The right has created a myth that suits their denial. Pinochet had breakfast every day with Head of DINA Manuel Contreras, had full knowledge of targeted militants and their fates, yet was allowed to escape justice on accounts of alleged dementia. Victor Jara’s alleged murderer, Pedro Barrientos, resides happily in Florida, protected by the country that instigated the coup.Last year, former torture instructor Cristian Labbé was offered a lecturing post on the topic of “the evolution of political thought in Chile”. A former DINA agent recounts the elaborate system of fabricated identities, not only of agents serving at Cuartel Simon Bolivar, but also of the victims, in order to eliminate all possible traces and ensure a complete disappearance. Three years ago, the right-wing government of Sebastian Piñera decided to eliminate all references to “dictatorship” in primary school textbooks – a plan to divest younger generations of memory. The plan however, is said to have emerged during Michelle Bachelet’s previous presidency – a woman who was tortured by the dictatorship and who applied Pinochet’s anti-terror laws to incriminate Mapuche resistance. With Chile’s political left being severely compromised, the struggle for memory has essentially been left to the people.

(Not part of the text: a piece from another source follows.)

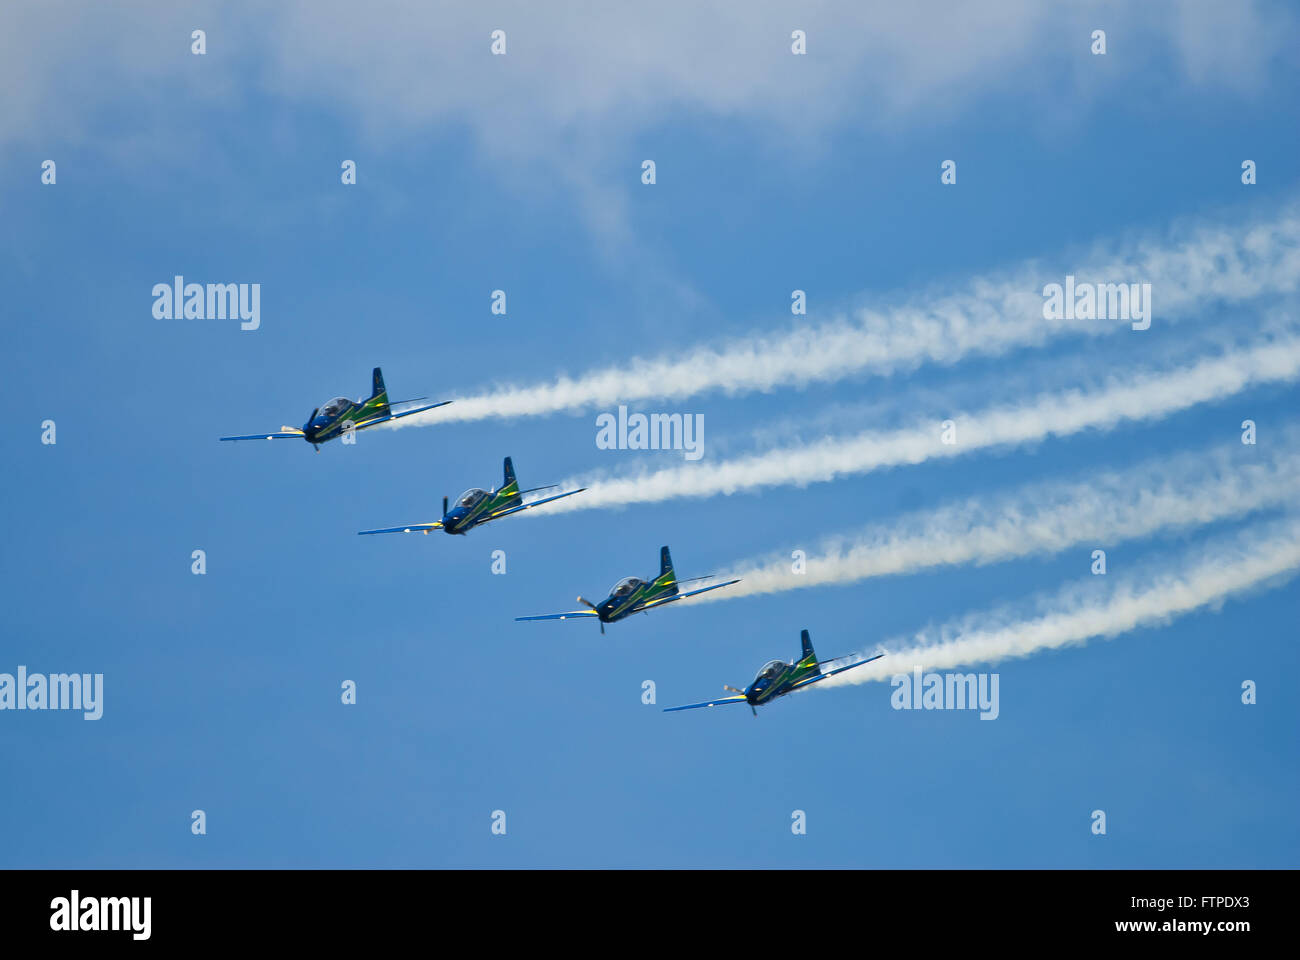 Planes of the Smoke Squadron FAB - Forca Aerea Brasileira Stock Photo
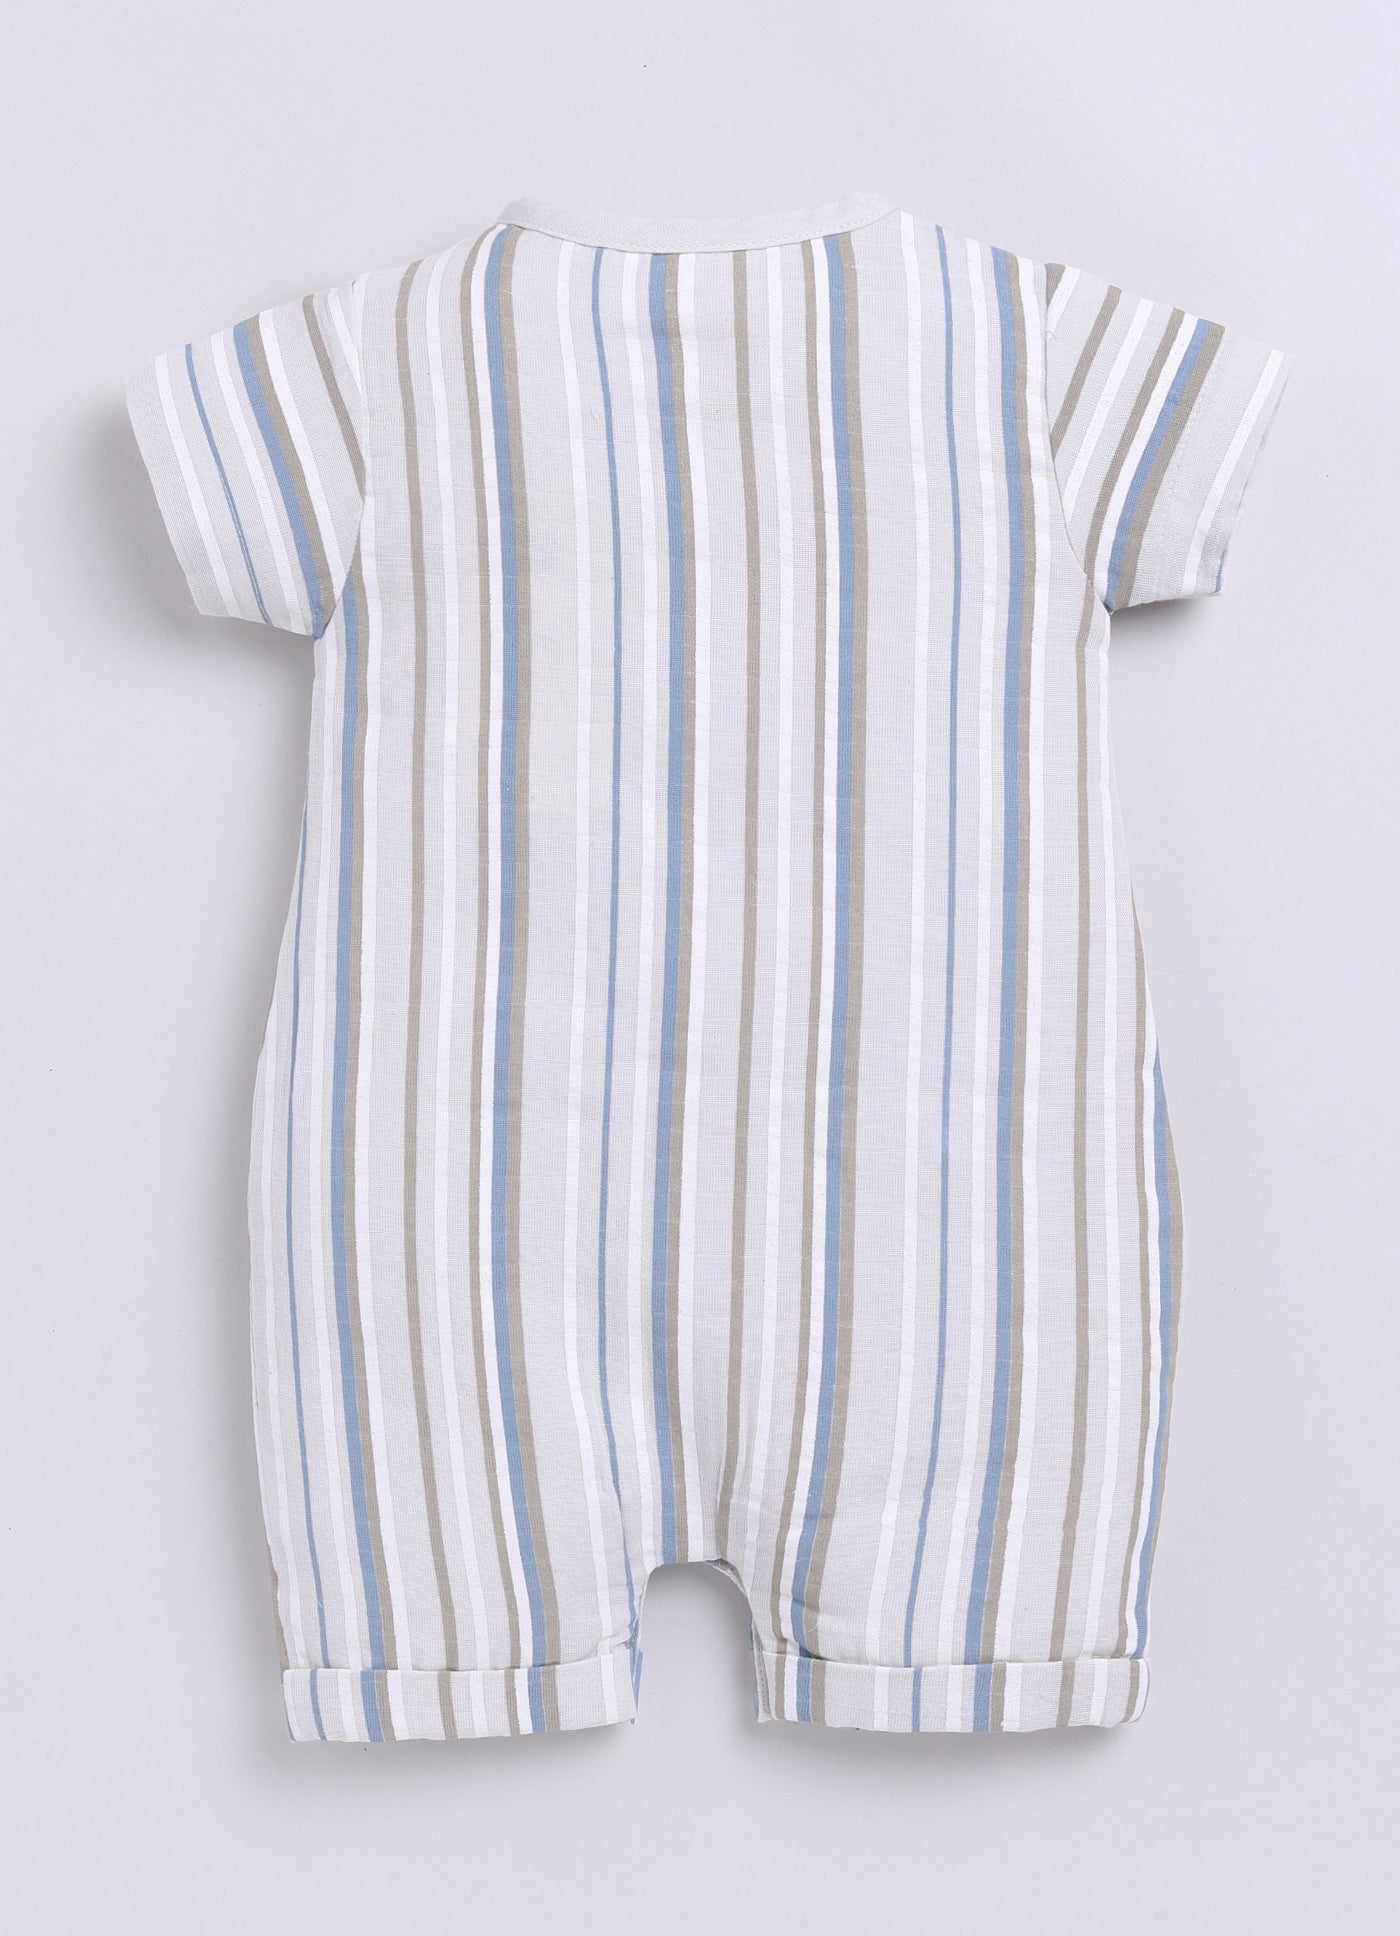 Multi Color Striped Baby Boy Half Sleeves Romper-BEIGE

As long as the rupture in memory exists, there will be the necessity to discover and articulate the shared history, which has been manipulated and interpreted according to the political spectrum. However, Chilean memory faces additional hardships. The Concertacion governments remained under a dictatorial constitution that granted impunity to former state players and agents. Hence, official efforts to reconstruct history were limited. Human rights organisations, the relatives of the disappeared, victims of torture, are still awaiting slivers of truth to emerge.

The struggle is about truth rather than justice. The magnitude of crimes ridicules the concept of justice for victims. It is an impossible outcome – no wonder the resilient slogan is entrenched in memory. Neither forgiveness, nor oblivion. It is a legitimate form of resistance against state impunity, which is reflected in various contemporary issues in Chilean society – all resulting from the dictatorship. Besides the controversies in education, with former agents deciding the curriculum, health services have also become a source of contention. Impunity has allowed medical torturers to work in clinics and hospitals – a desecration of the profession. These surgeons and general practitioners in the past were collaborating with torturers, making sure dictatorship victims could survive another round of immense cruelties – relieving pain without curing the sustained injuries. There are published lists detailing the location of these former torturers, yet dictatorship impunity has so far allowed them protection, despite various incriminating testimonies.

The state’s complicity in safeguarding impunity has resulted in several doubts with regard to the official version of events. It is impossible to go into intricate detail about the 3,200 disappeared people. However, it is worth mentioning the suspicious circumstances regarding the deaths of Salvador Allende and Chilean poet Pablo Neruda.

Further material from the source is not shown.